-- Description of the task --
Would you return exactly the lines below from the line with "Calvin Klein Underwear" through the line with "Pr 233 Sentation", both included, and nothing else, leaving out the pictures?

-- Excerpted data --
((
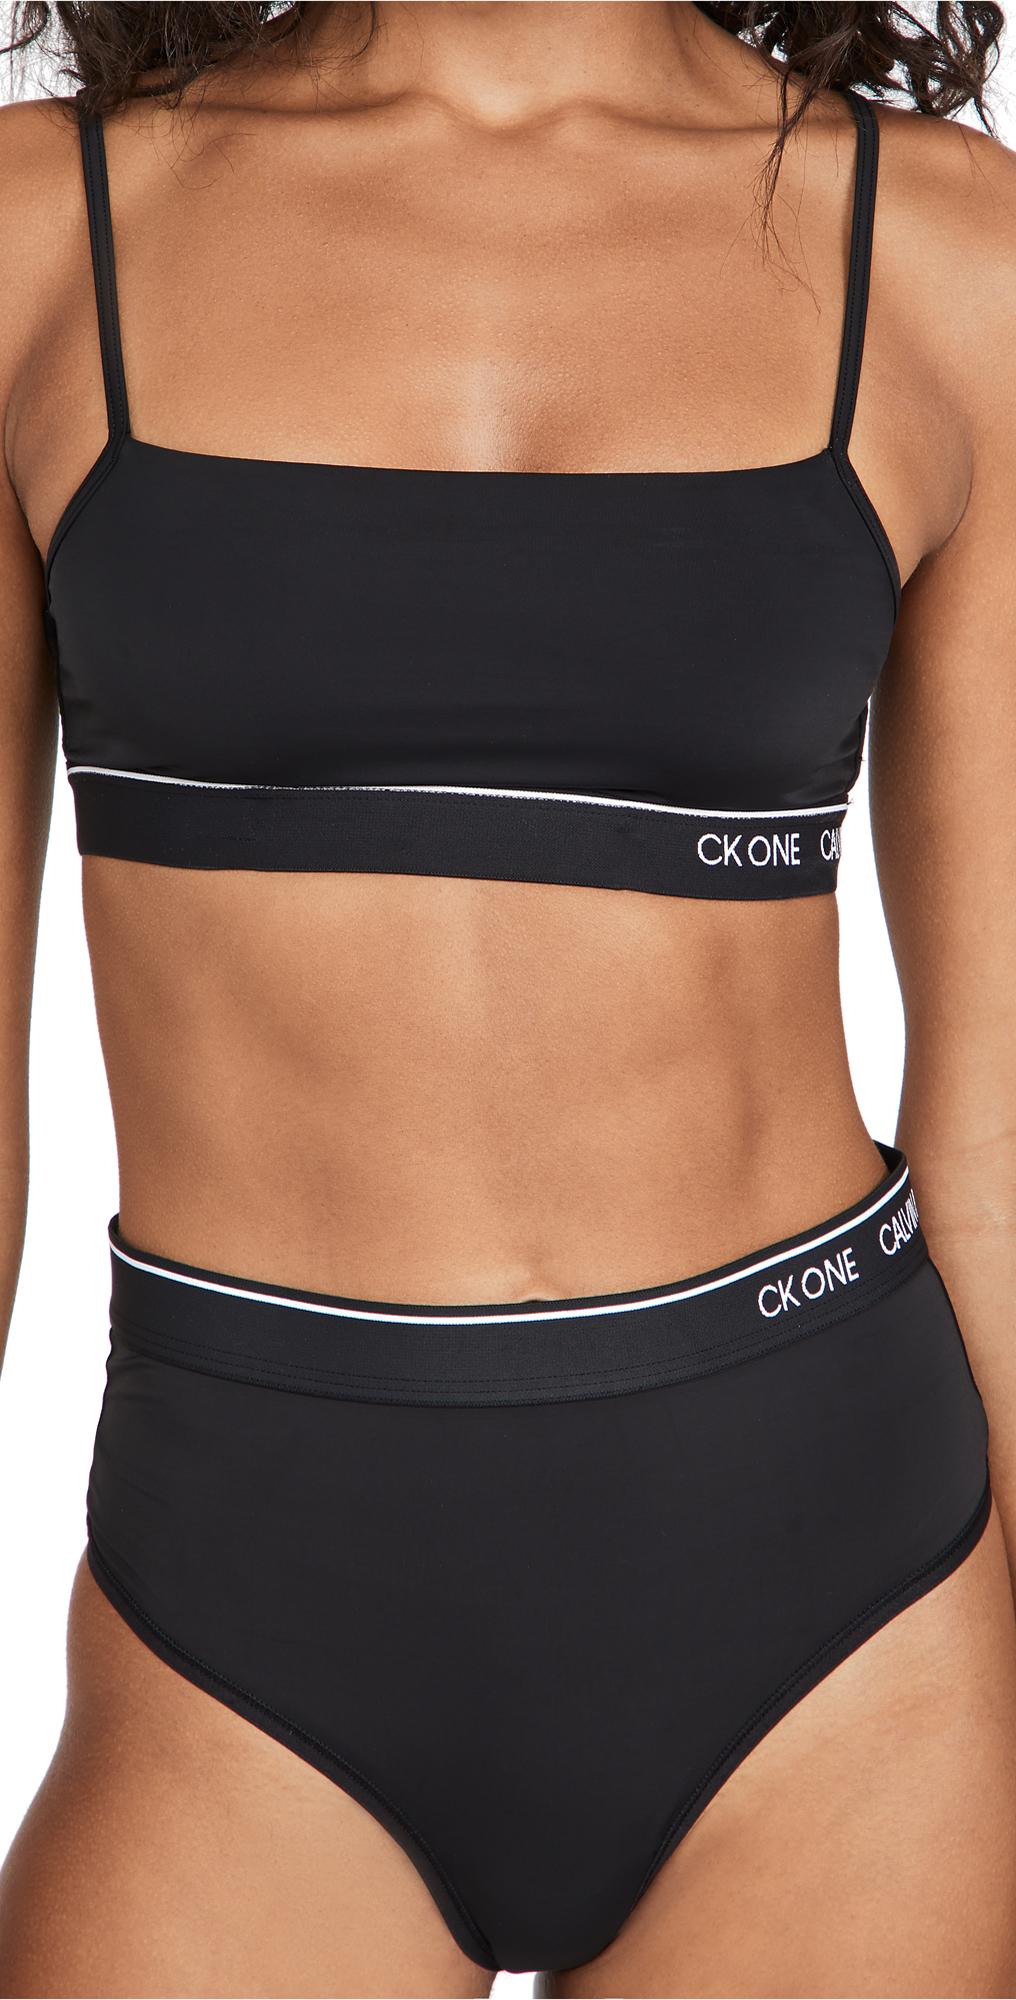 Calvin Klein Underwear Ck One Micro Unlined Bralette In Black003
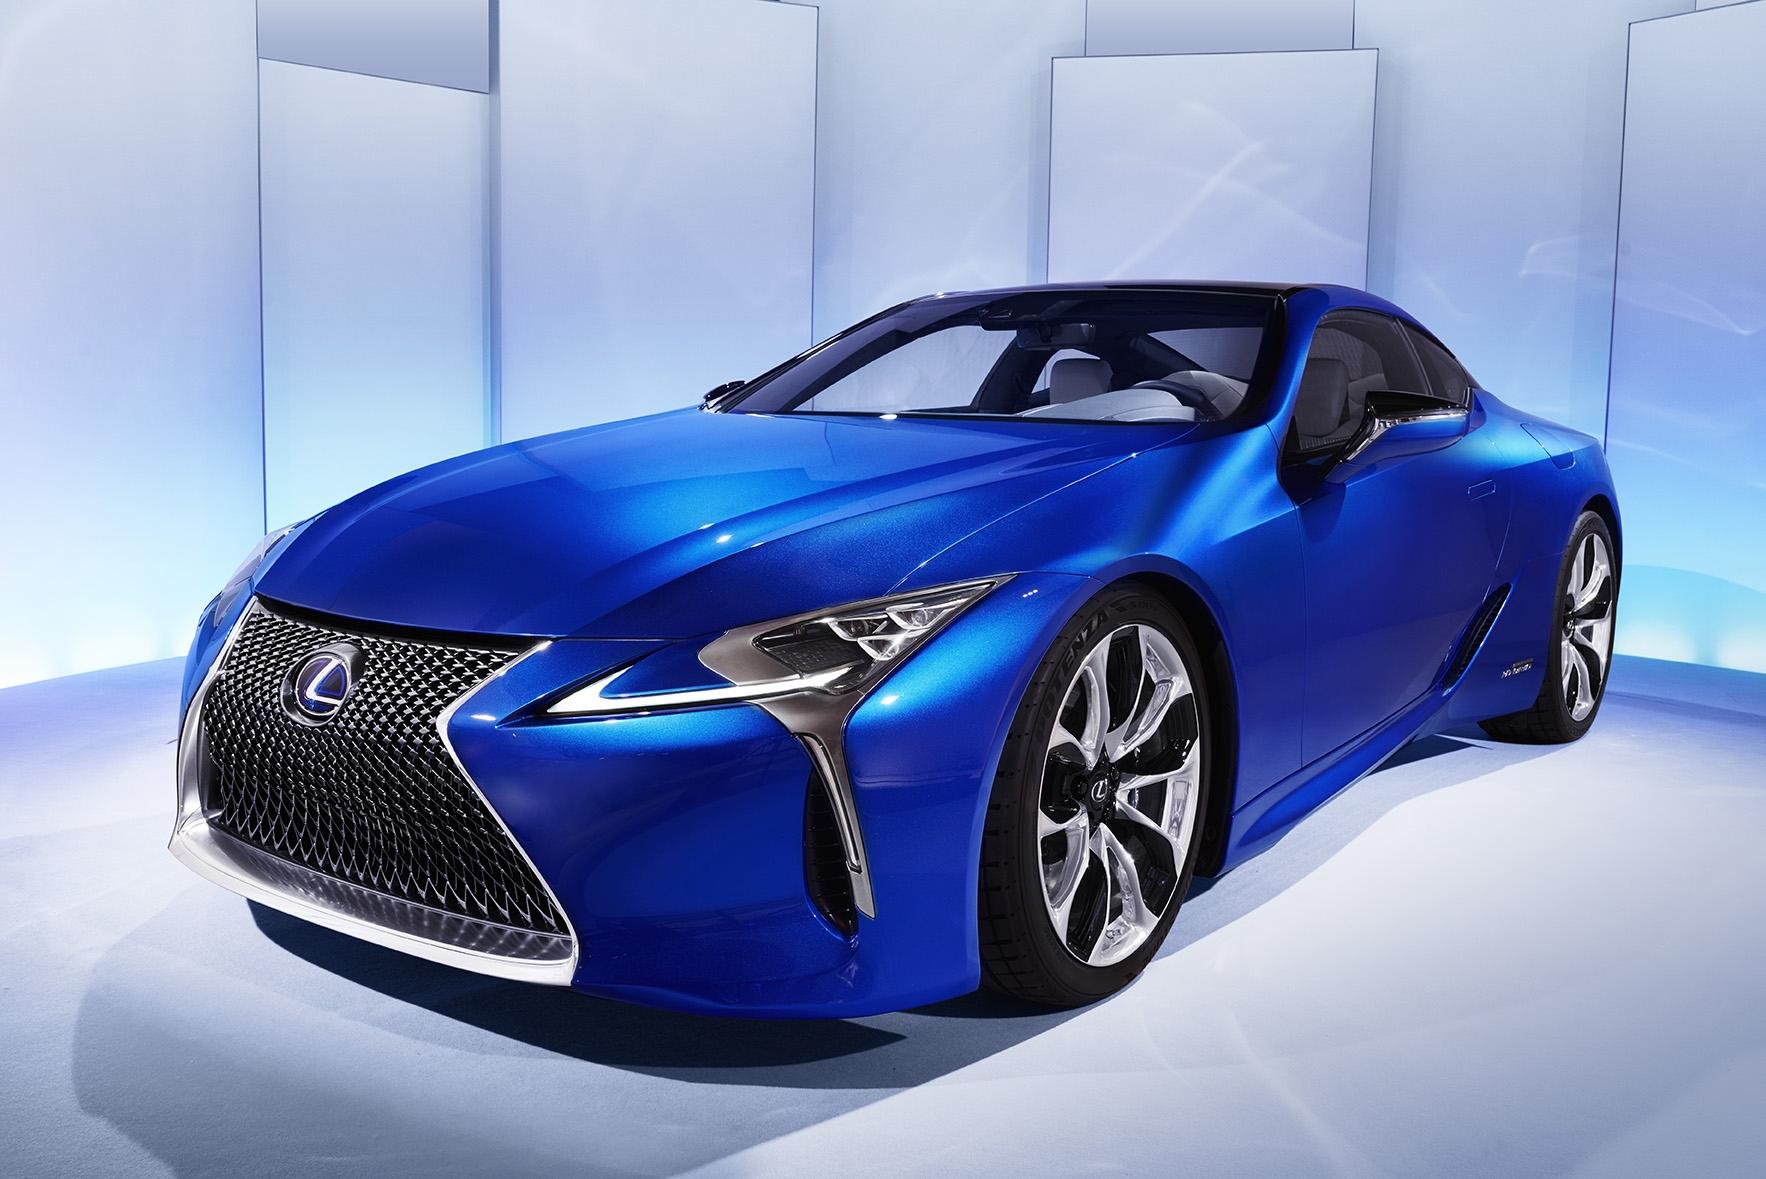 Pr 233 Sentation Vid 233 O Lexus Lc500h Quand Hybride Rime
))
((
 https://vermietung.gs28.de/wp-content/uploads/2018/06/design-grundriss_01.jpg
))
-- Expected answer --
 Calvin Klein Underwear Ck One Micro Unlined Bralette In Black003
 Pr 233 Sentation Vid 233 O Lexus Lc500h Quand Hybride Rime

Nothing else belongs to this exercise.